For the first few hundred generations, the `best' circuits simply copied the input to the output, combined with various high-frequency oscillatory components. By generation 650, definite progress had been made. For the 1kHz input, the output appeared to stay mostly high; for the 10kHz input, the output resembled the input.
The photographs (Fig. 15) show the behaviour gradually being refined, finally reaching the perfect desired behaviour. In fact, not visible in the final photographs were infrequent unwanted spikes in the output; these were finally eliminated around generation 4100. The GA was run for a further 1000 generations without any observable change in the behaviour of the best individual. The final circuit (arbitrarily taken to be the best individual of generation 5000) appears to be perfect when observed by eye on the oscilloscope. If the input is changed from 1kHz to 10kHz (or vice-versa), then the output changes cleanly between a steady +5V and a steady 0V without any perceptible delay.

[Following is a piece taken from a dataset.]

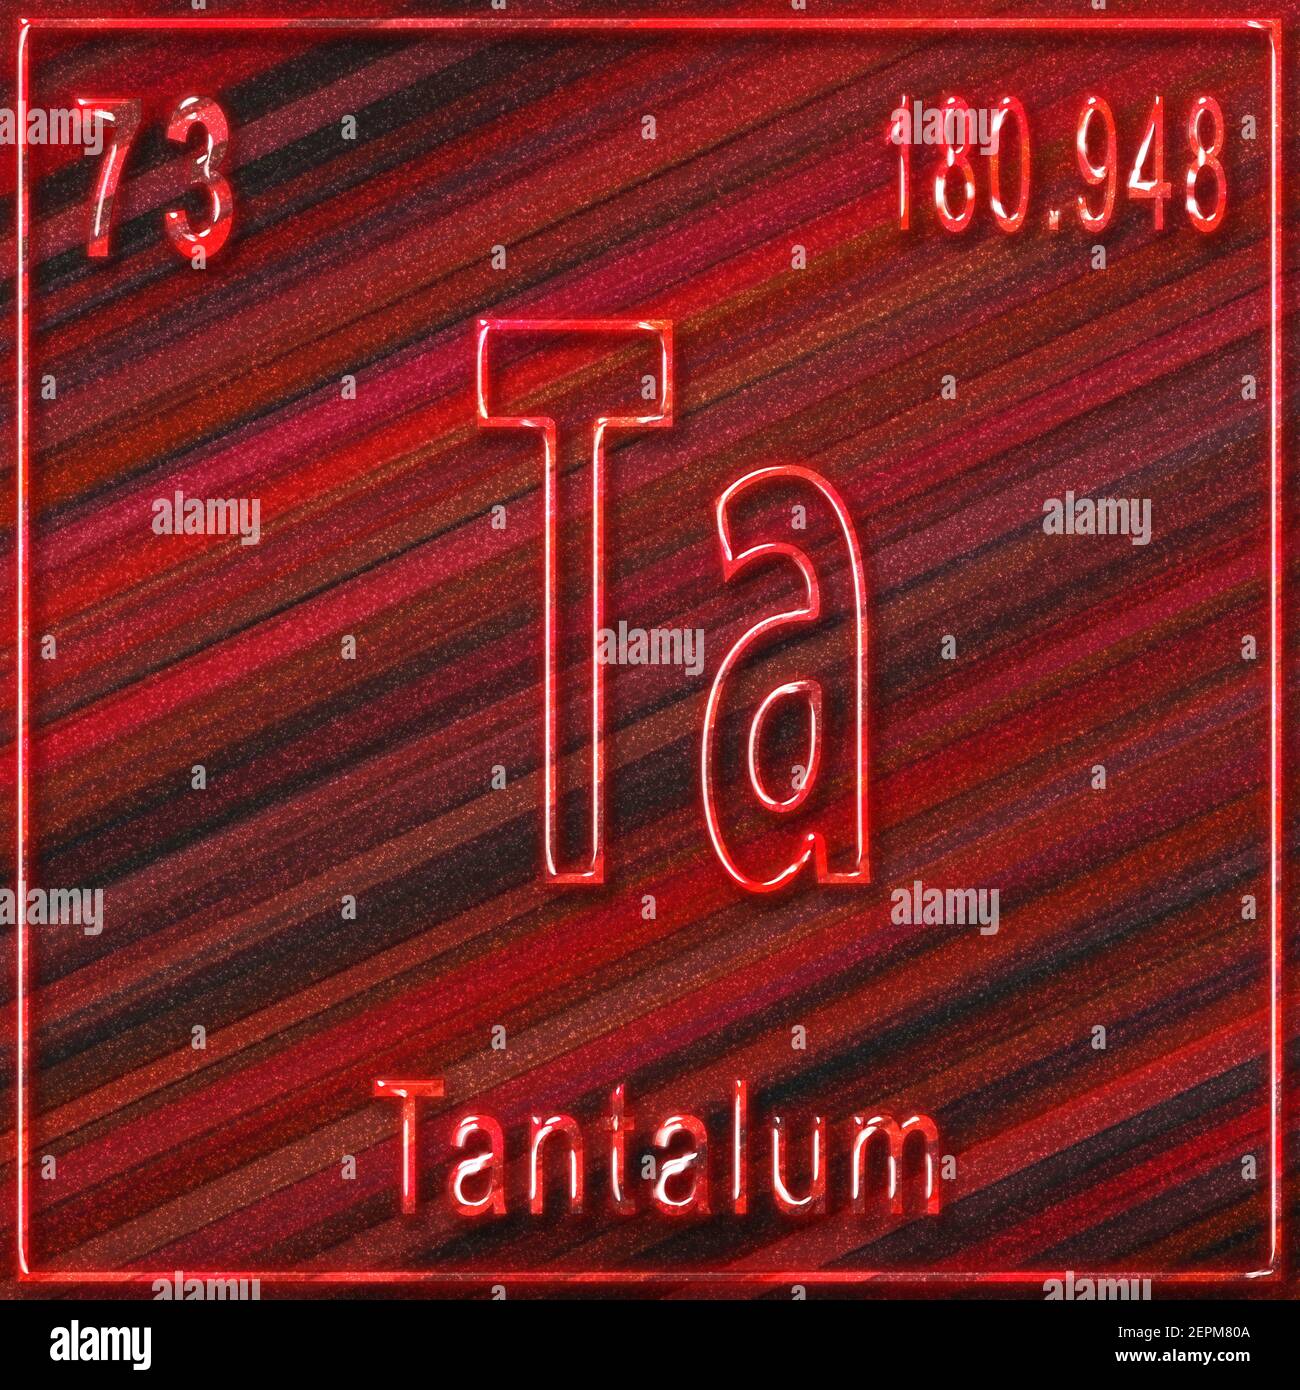 Tantalum chemical element, Sign with atomic number and atomic weight, Periodic Table Element Stock Photo

It is apparent from the oscilloscope photographs that evolution explored beyond the scope of conventional design. For instance, the waveforms at generation 1400 would seem absurd to an electronics designer of either digital or analogue schools. Not so evident in these photographs is the rich range of dynamical timescales actually present. The components of the nominally digital FPGA were not used according to a binary logic abstraction, because a wider repertoire of behaviours was available in the absence of design constraints.
Graphs of maximum and mean fitness, and of genetic convergence, are given in Fig. 16.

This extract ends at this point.